Republicans have spent months pushing evidence-free conspiracy theories that social media companies are biased against conservatives. House Majority Leader Kevin McCarthy (R-CA) has cited Wikipedia edits as evidence that Google is censoring Republicans, and in the process demonstrated he has no idea how Wikipedia or Google works.

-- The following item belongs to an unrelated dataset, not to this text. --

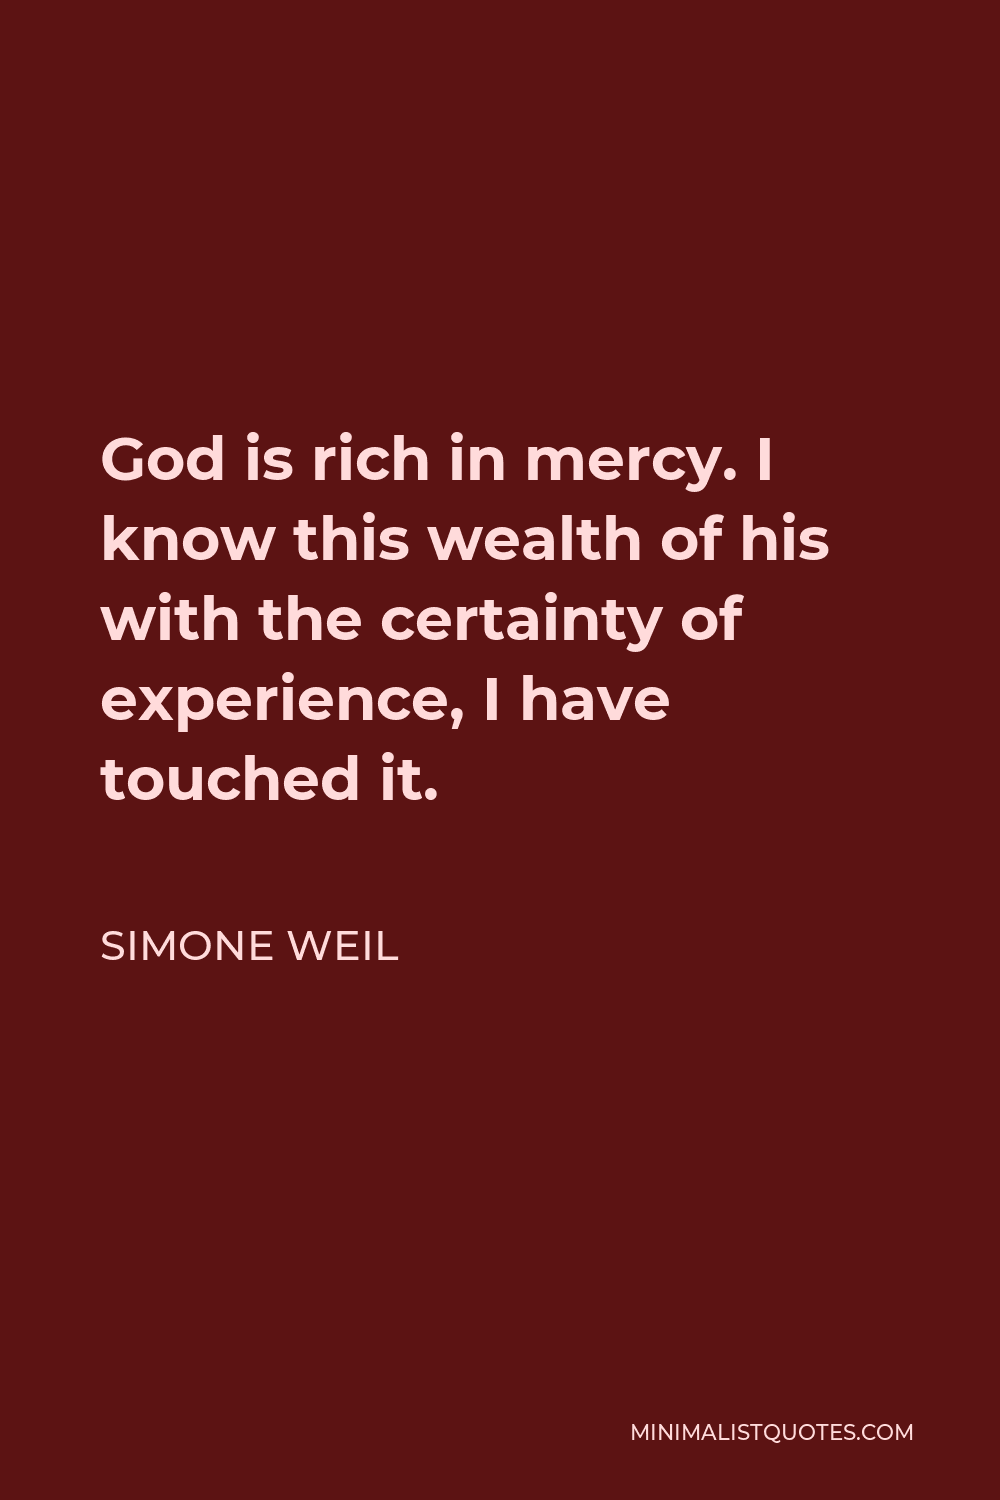 Simone Weil Quote - God is rich in mercy. I know this wealth of his with the certainty of experience, I have touched it.

Trump has also made claims about Google search results censoring positive news about him that took seconds to refute.

The timing of Trump’s claim that “Facebook, Google and Twitter are in favor of the Democrats” is ironic, given that it comes just hours after the New York Times published an investigation detailing how Facebook was reluctant to sound the alarm about Russian infiltration of the platform due to concerns that it would result in Republicans crying out about bias.

And as the special counsel’s team painstakingly detailed in its indictment of Russian hackers and propagandists, troll Facebook and Twitter accounts were central to the Kremlin’s strategy of pushing pro-Trump messages in 2016.

Deflect, deflect, deflect

Trump’s tweet is absurd on its face, contradicts the intelligence community’s consensus conclusions, and even flies in the face of what the president’s own intelligence officials have said about Russia’s interference in the election in 2016.

It does, however, deflect attention from the special counsel’s investigation — while placing more scrutiny on the investigators and on Democrats’ conduct.